Чем дольше Канарин нес кирпич, тем тяжелее тот казался. Наконец Канарин выкинул его.
И вот дубрава по косогору. Дубы старинные, может еще монахи много веков назад желудями посеяли, а может сами выросли. Канарин по уступам сошел в широкое удолье оврага Выдубичей, что расширялся здесь, почти у подножия Зверинецкого холма.
Впереди, ниже, под горкой, виднелись церкви Выдубицкого монастыря — синекупольная колокольня подле врат, Георгиевский храм с зеленым куполом, трапезная, наконец золотая голова совсем древнего храма чуда святого Михаила в Хонех. Вдоль монастырских строений шла белая, с двускатной крышей стена.
Монастырь был за пределами ботсада. К воротам последнего, по уступу вдоль склона, сверху от самого сиреневого сада вилась асфальтовая дорога. На ее повороте, под громадным, в дюжину обхватов дубом, было кирпичное отверстие давнего погреба. Около него стояли, собирая пожитки, два пожилых, патлатых бомжа, один в очках как у Леннона, что придавало ему облик хиппи.
Канарин сбежал с пригорка к ним и сказал:
— Приветствую! Как обстановка?
В очках перданул губами да засмеялся, а второй ответил:
— Зомби осадили стену монастыря и ломятся в ворота, одни и другие. Но ворота выдержат, а вот мы туда не успели.
— А ботсадовские ворота?
— Закрыты, в будке сидел сторож Коля, он собрал манатки и ушел куда-то вверх, забрав с собой ключи. Но там можно пролезть под воротами, а если пройти ближе к набережной, в заборе будет дырка.
— И не одна, — добавил хиппи.
— А вы куда намылились? — спросил Канарин.
— А мы хотим выбраться из боташи к устью Лыбеди, есть там один посёлок-самосёлок.
— Ну удачи! А не знаете, наверху в сиреневом саду тихо?
— Мы там не были и не пойдем. Колокол звонил — страшно.
Канарин стал осторожно подниматься по дороге вдоль оврага, удаляясь от монастыря. У обочины рос можжевельник и какие-то длинные, как свечки, хвойные деревца. Туи, не туи…
Можжевельник кончился, дорога шла всё круто вверх, слева вглубь уходила лощина, справа высокой бровкой подпирался склон в кустах сирени. У ведущей туда боковой лестнички, на последней ступеньке сидел зомби и водил головой из стороны в сторону. Канарин резво соскочил за обочину и хотел под краем берега оврага обойти опасное место, но потом вспомнил, что по дну буерака идет древняя, заросшая бурьянами лестничка, и спустился к ней.

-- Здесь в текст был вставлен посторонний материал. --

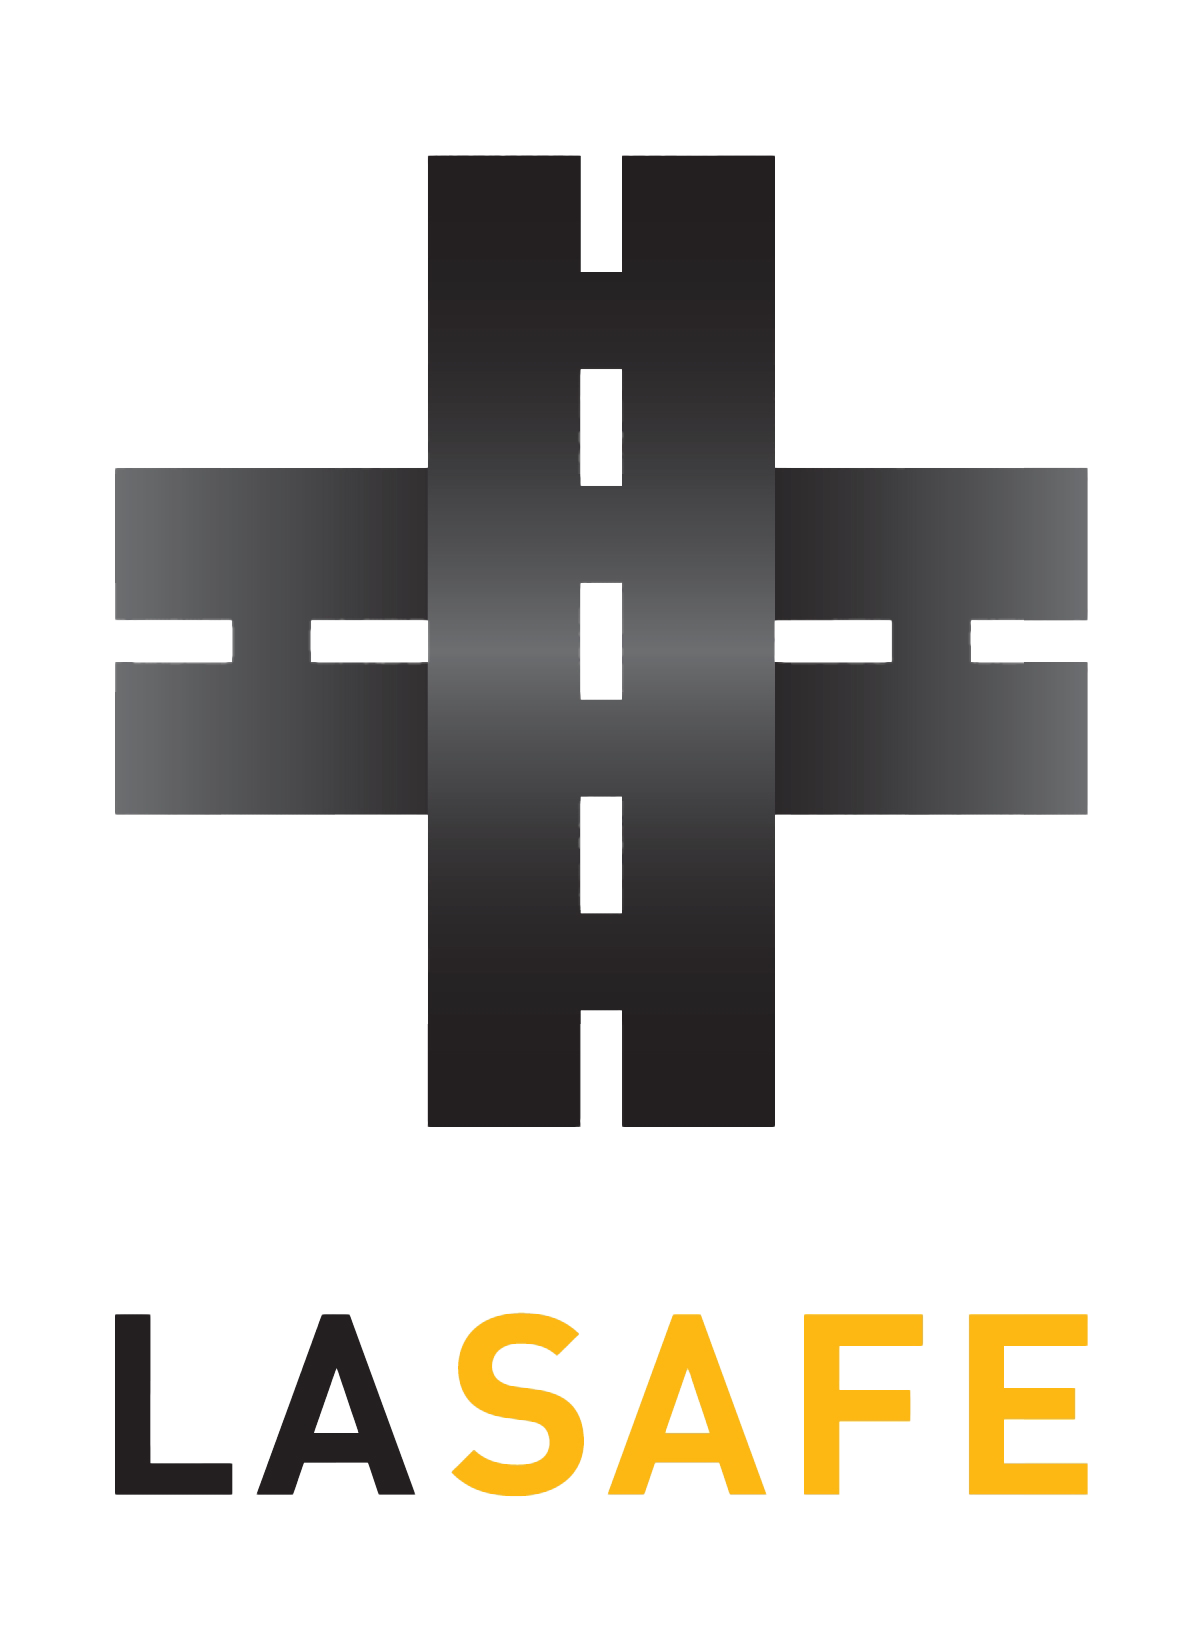 Los Angeles County Service Authority for Freeway Emergencies

Оттуда он выбрался, под хвойными заморскими деревьями, на аллею, где росли райские яблочки. Уступом выше была дорога вдоль служебного дома и погреба Ионинской церкви, и еще одного старинного заброшенного дома, бывшего ботсадовского корпуса.
Канарину пришла в голову отличная мысль, и он покинул райский сад. Слева, из пропасти, за могучими деревьями белел и золотился Выдубицкий монастырь. Потом, на развилке, одна дорога сворачивала к обрыву, и там тусили мертвецы, но Канарину всё равно надо было в другую сторону. В воздухе пахло озоном, всё было черно от набежавших туч. Вот-вот начнется гроза.

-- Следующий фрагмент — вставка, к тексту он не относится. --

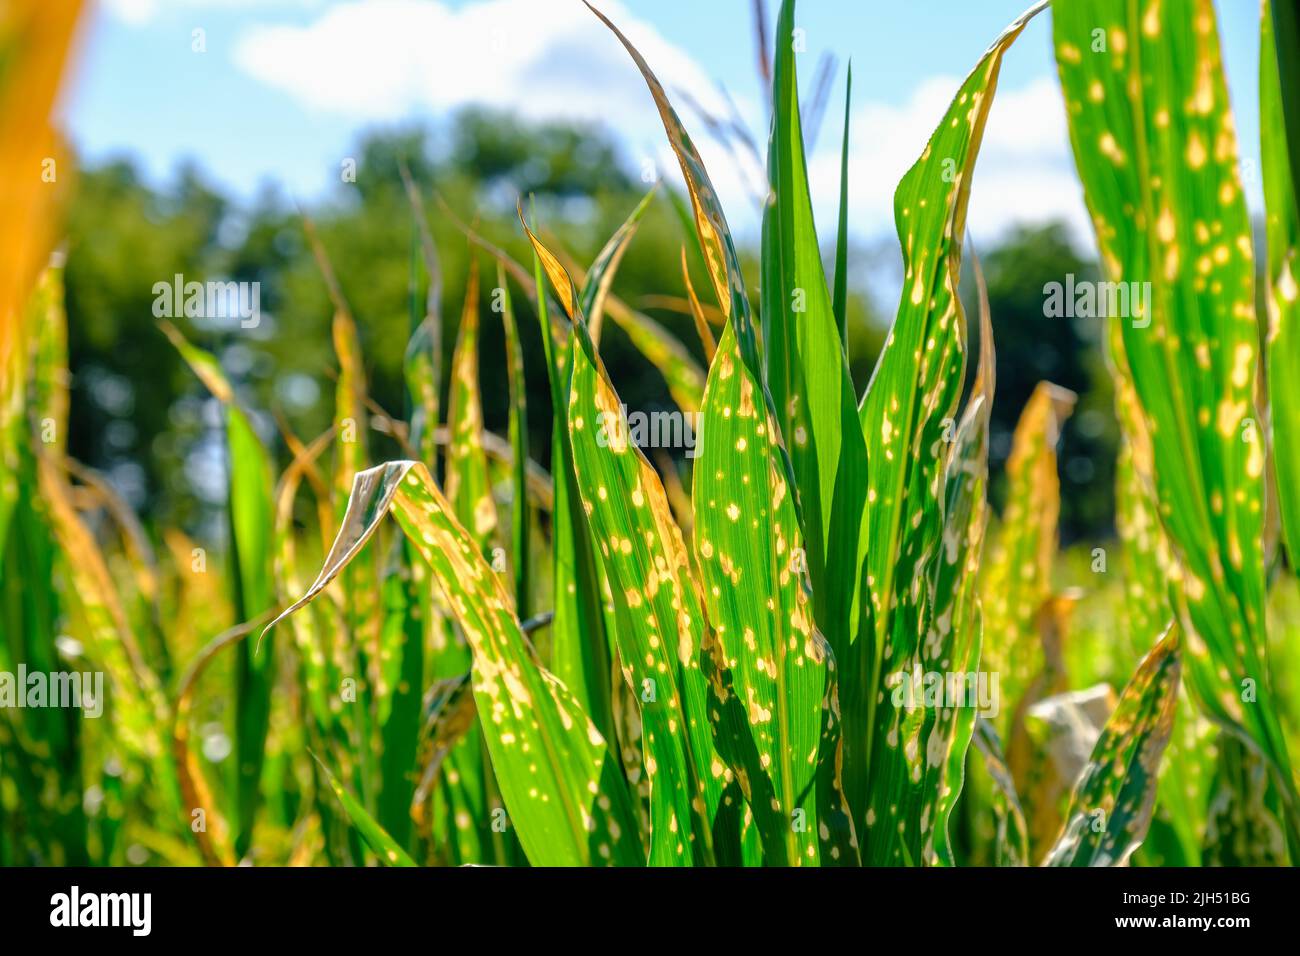 Corn plants wilting and dead after wrong applying herbicide in cornfield Stock Photo

Канарин поднялся на пригорок, потом добрался до верхней аллеи, что с погребом и домом, и пошел по ней, между полногрудой горой и темным лиственным лесом, к саду магнолий. От него было рукой подать к перекрестку на Зимний сад, Ионинскую церковь на холме, и шла дорога на холм, между участком Дальнего востока и высоченной, похожей на палец горой, предваряющей Степи Украины.
Издали Канарин услышал собачий лай. Это наверное в плодовых садах, куда он и хотел добраться. Там ограда, там сторожа, охраняющие ценные породы яблонь, алычи, арчи, и прочих плодово-ягодных культур. Канарин попросится туда. На правах будущего коменданта свободной от зомби зоны ботсада. Нет, он просто прикажет себя впустить.
На дороге бродили зомби, и Канарин свернул в темную чащу карпатского смерекового леса, в обход горы.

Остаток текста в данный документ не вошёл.